We got past New York City. I can’t believe it. We can complain about having to leave the house by 10am – and because we’re musicians and stay up till 3am, we DO complain– but we have slipped past New York City like ninjas.
Normally we do not escape detection. We take an out-of-the-way in an effort to do so. We go about an hour out of our way to reduce tolls from about $28 to merely $5. We avoid all the 95 traffic, but generally New York City still catches on to us before we cross its latitude and glowers at our little Saturn, turning its entire Metropolitan bulk towards us and shooting BEAMS OF TRAFFIC at us. Like the monsters in Mucinex commercials, New York City causes congestion. It’s in its nature. Its evil, evil nature.
Normally New York City reaches out to us and sucks at our acceleration, dragging us into an accretion disk that causes our progress to slow to a crawl far into Connecticut as if to ensure that we take our time enjoying the view. And yes, Connecticut is pretty… but it’s not THAT pretty.

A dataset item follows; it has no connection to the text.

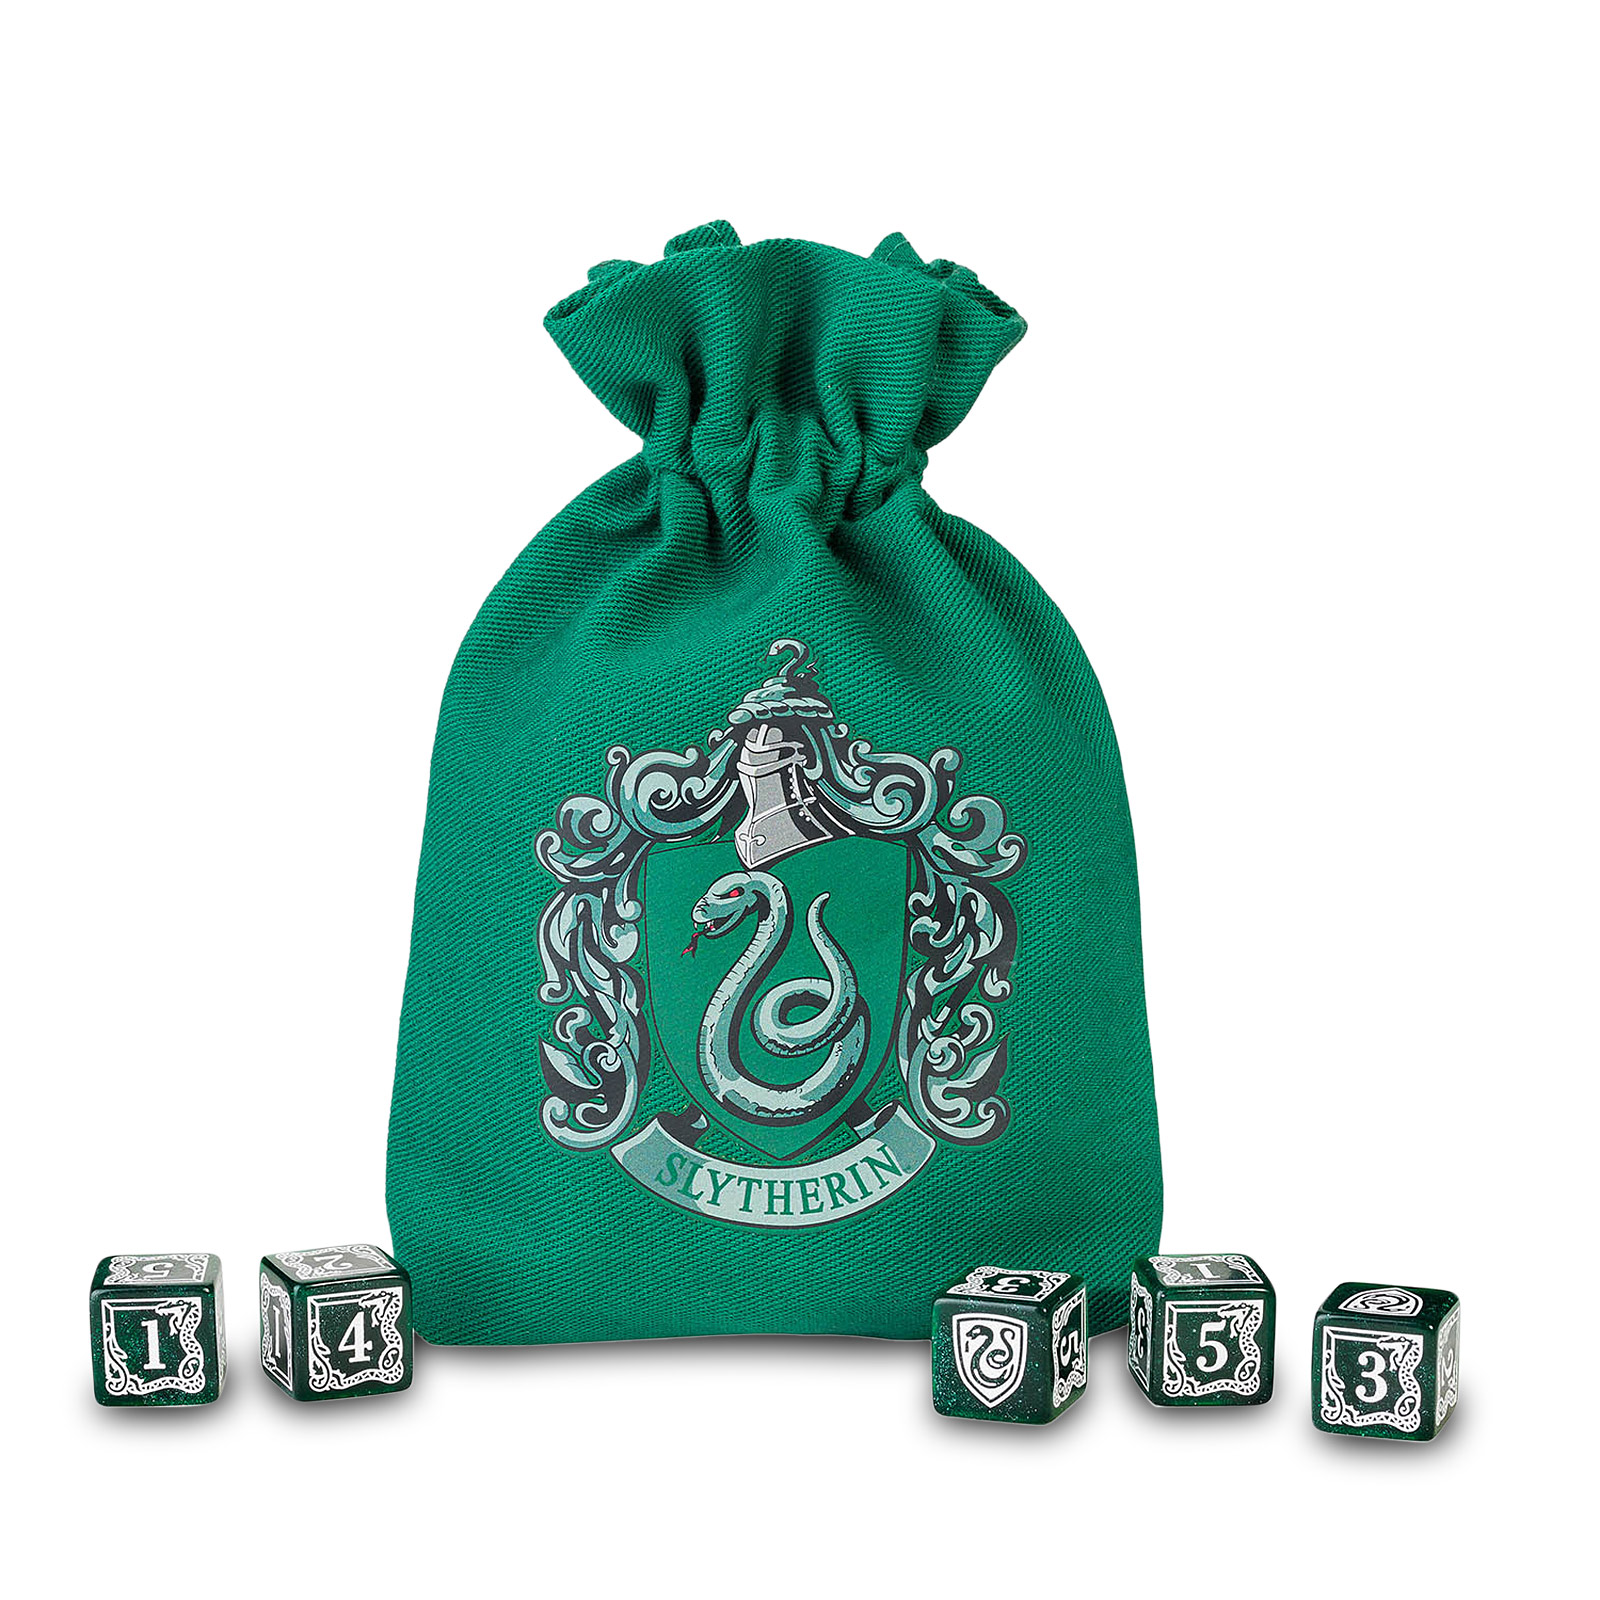 Harry Potter - Slytherin RPG Dice Set 5pcs with Dice Bag Green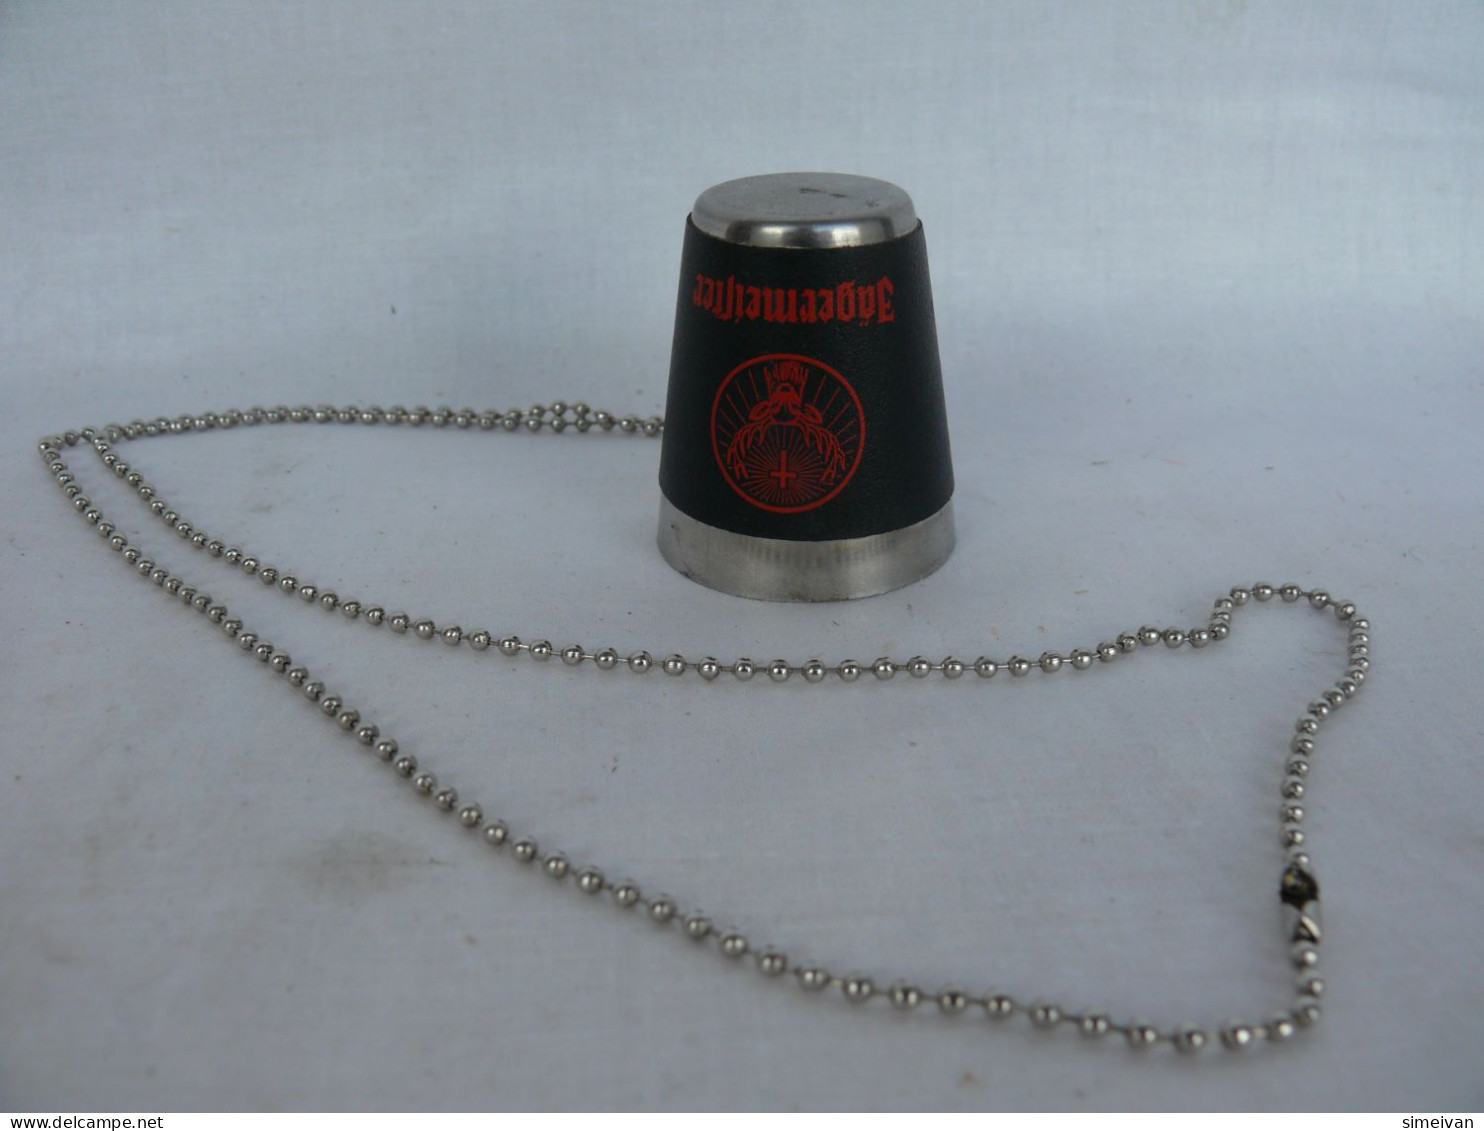 Interesting Jägermeister Small Cup Necklace #1503 - Cups

But today, thanks to my GENIUS PLANNING we’ve sidestepped New York City’s far-reaching effect and have barely ever had to slow below 50mph, and even those rare occasions have been more due to Drastic Lane Error rather than Vicious New England Traffic Congestion.
It’s something about crossing the Mason Dixon Line. They don’t believe in merge lanes up here. Yields, horsepower and sheer aggression step in to fill the gap left by shortened acceleration lanes and us poor, relaxed (snert) Marylanders are left scrabbling and dodging.